■ Provided material ■
========

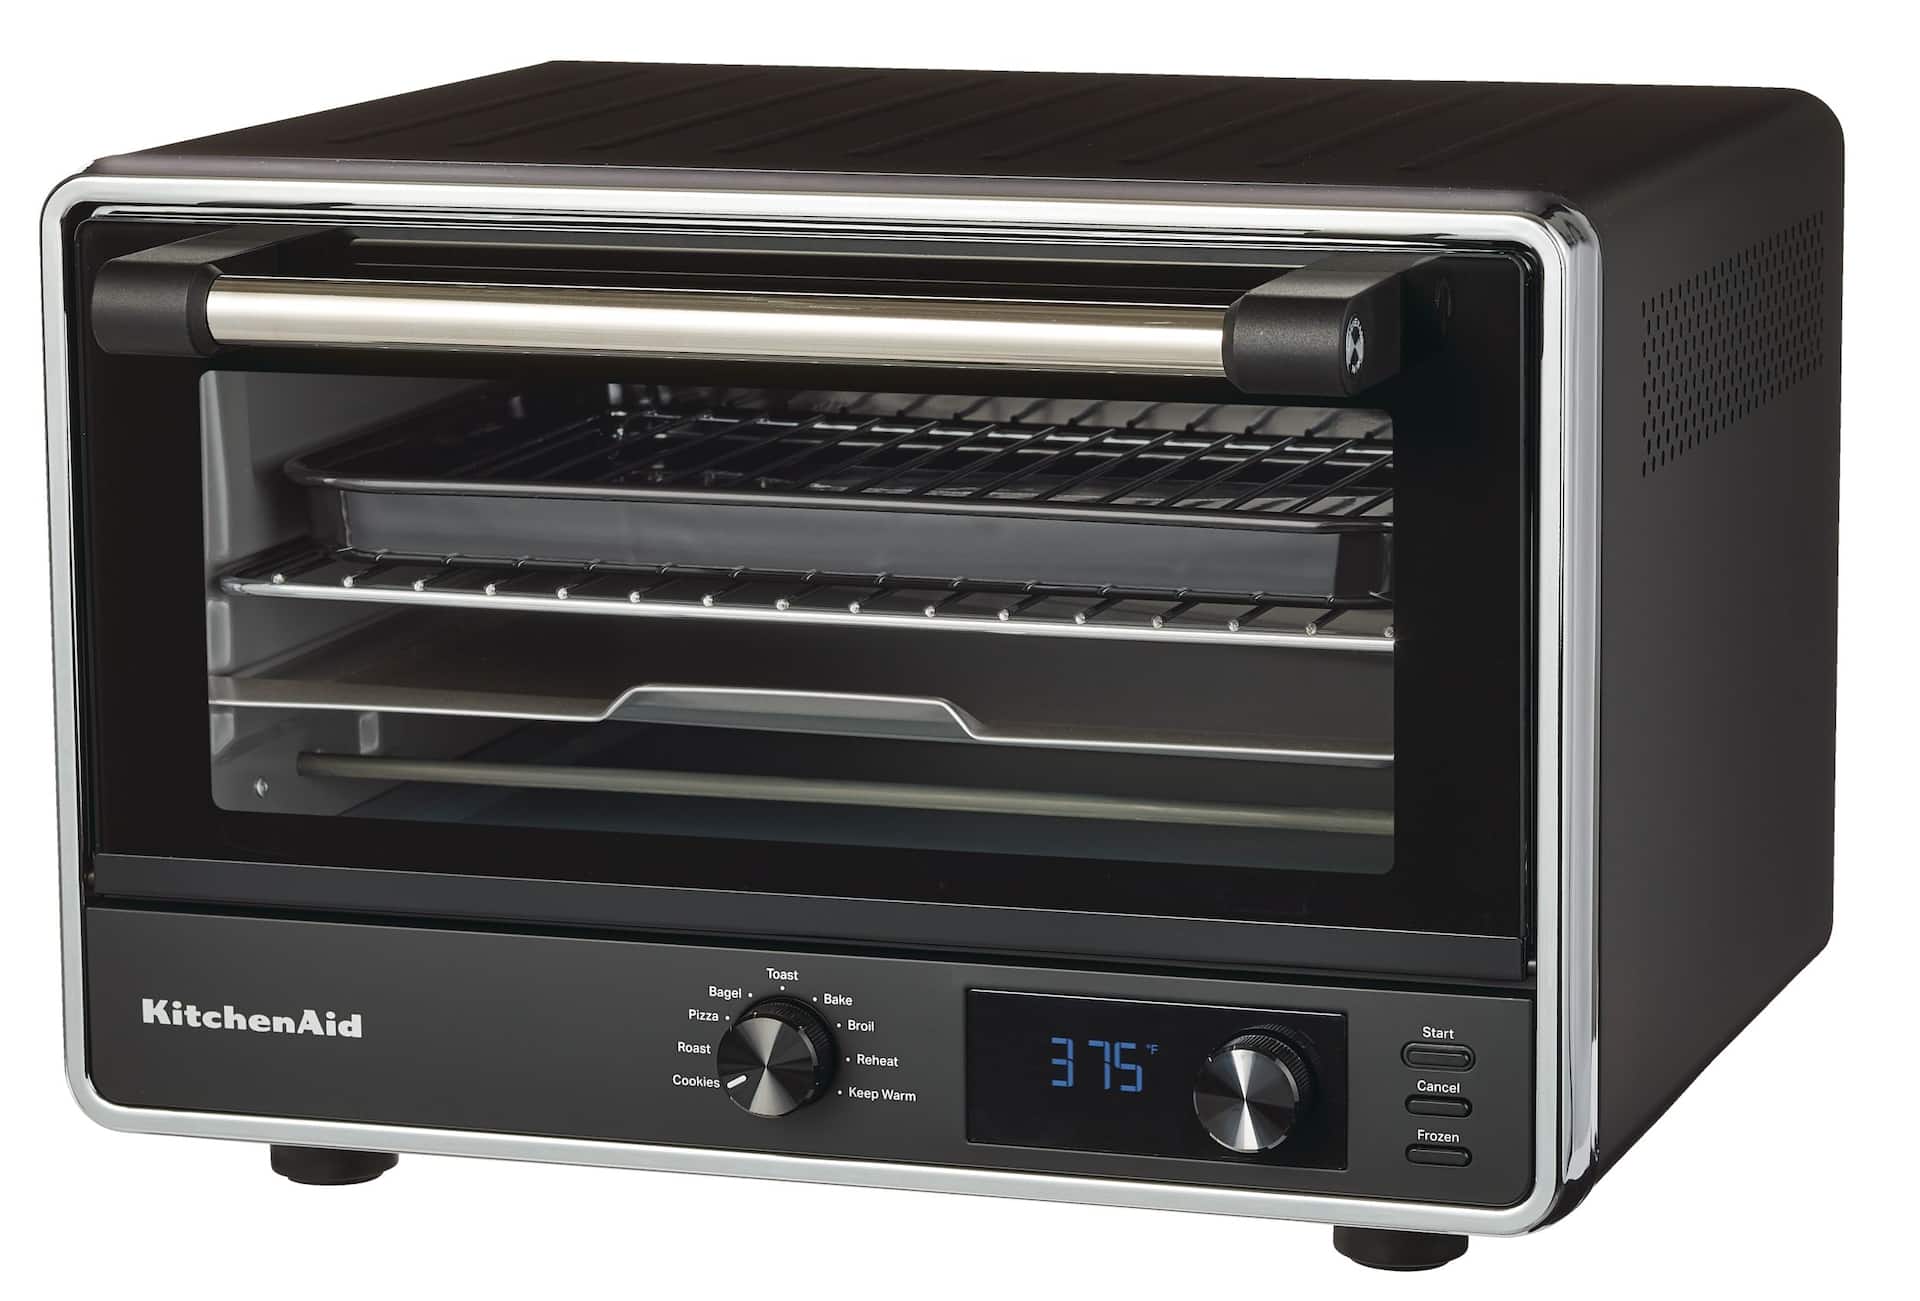 KitchenAid Hot air Fryer Oven - Black Matte - KCO124BM
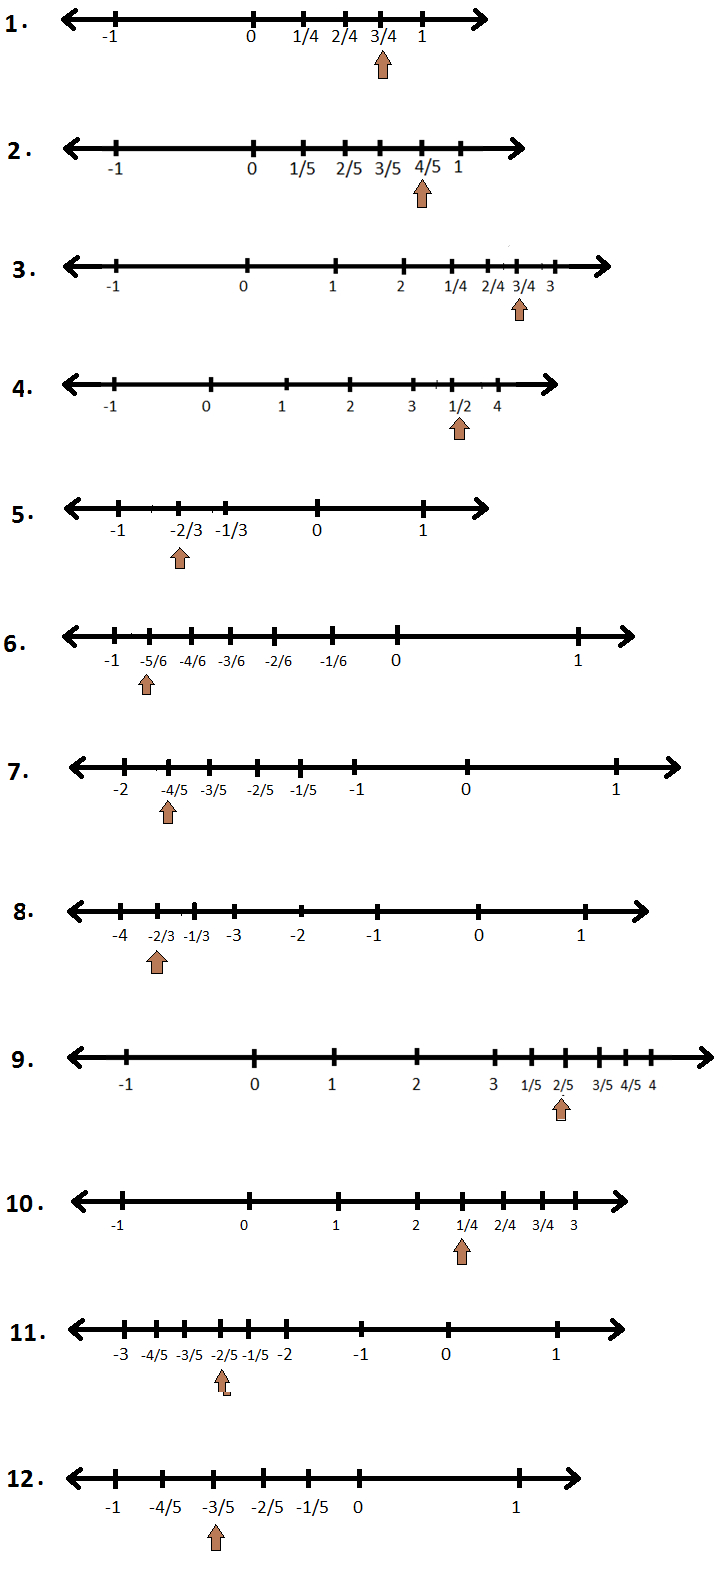 Worksheet On Representation Of Rational Numbers On The Number Line Within Rational Numbers Worksheet
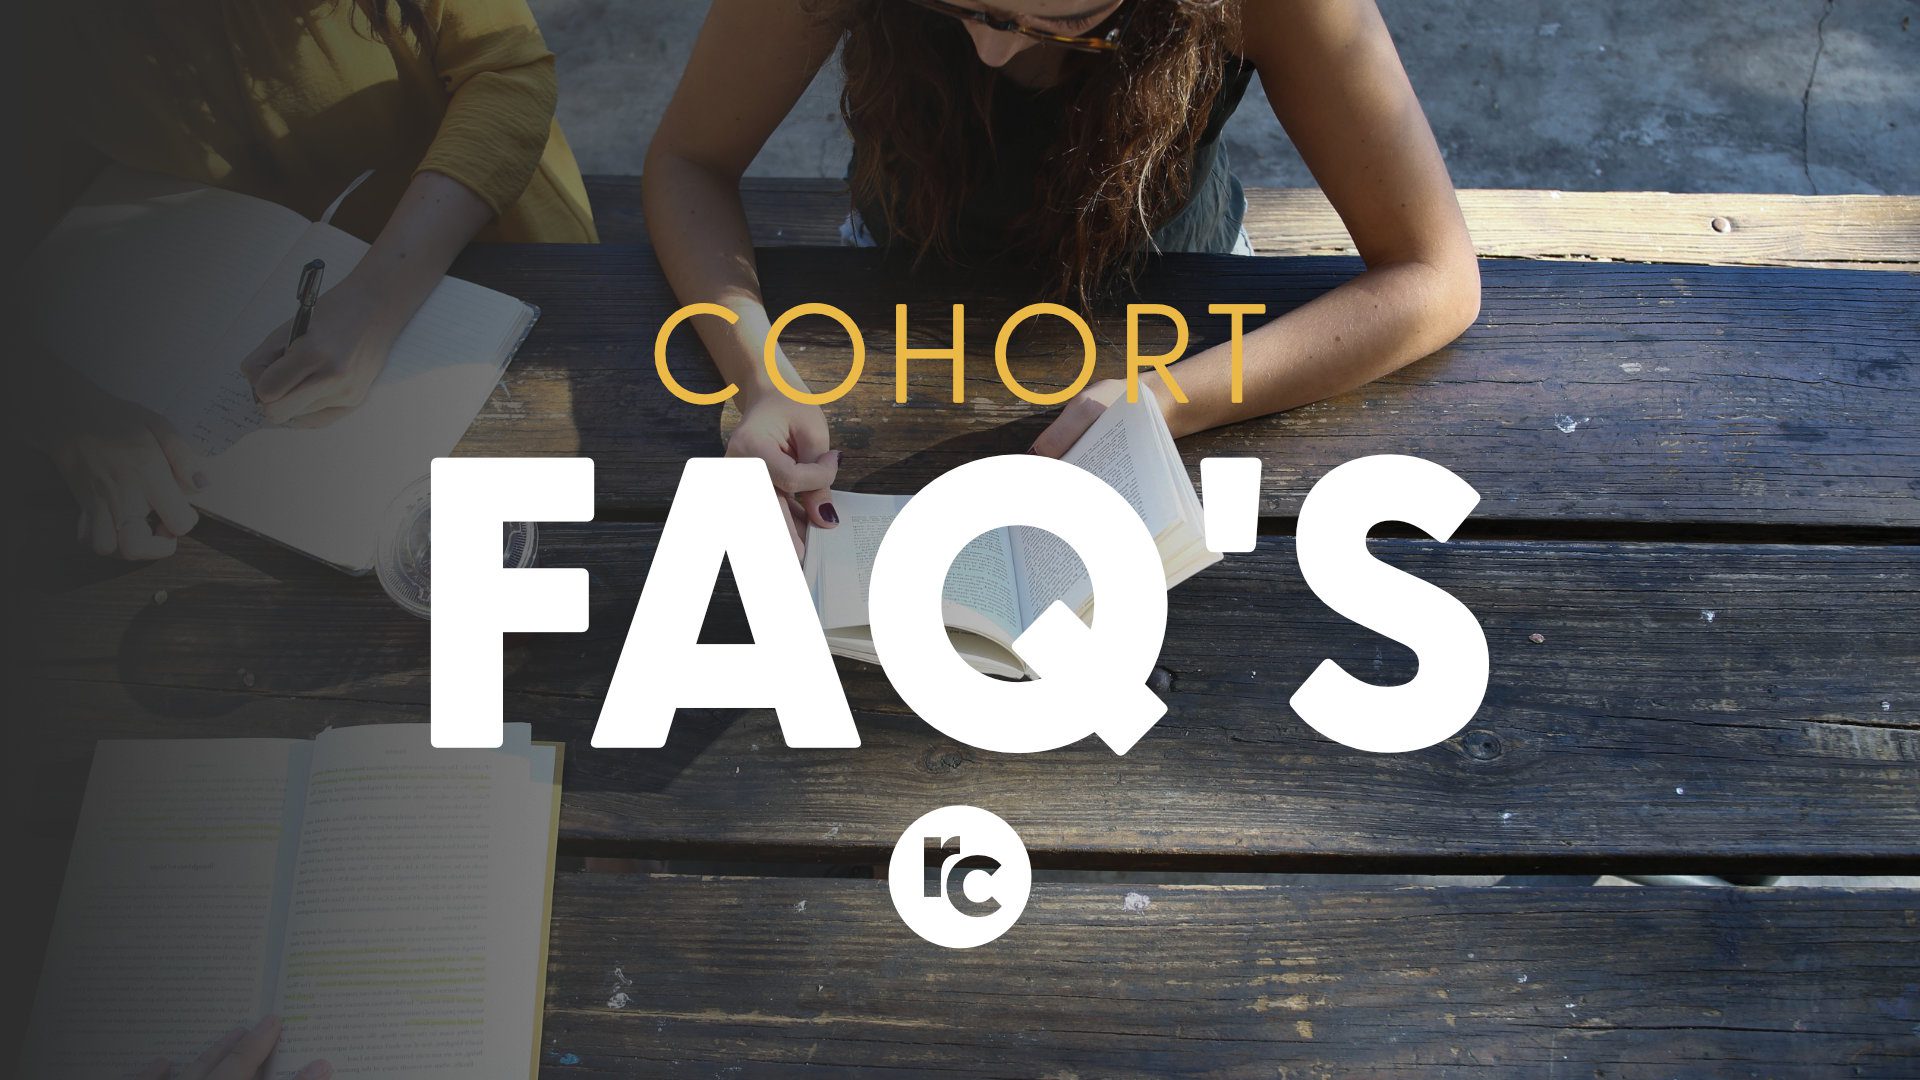 Cohort FAQ’s

========

■ Work to complete ■
Please set down each line of the listing above word for word, skipping any pictures.

■ Response to this exercise ■
 KitchenAid Hot air Fryer Oven - Black Matte - KCO124BM
 Worksheet On Representation Of Rational Numbers On The Number Line Within Rational Numbers Worksheet
 Cohort FAQ’s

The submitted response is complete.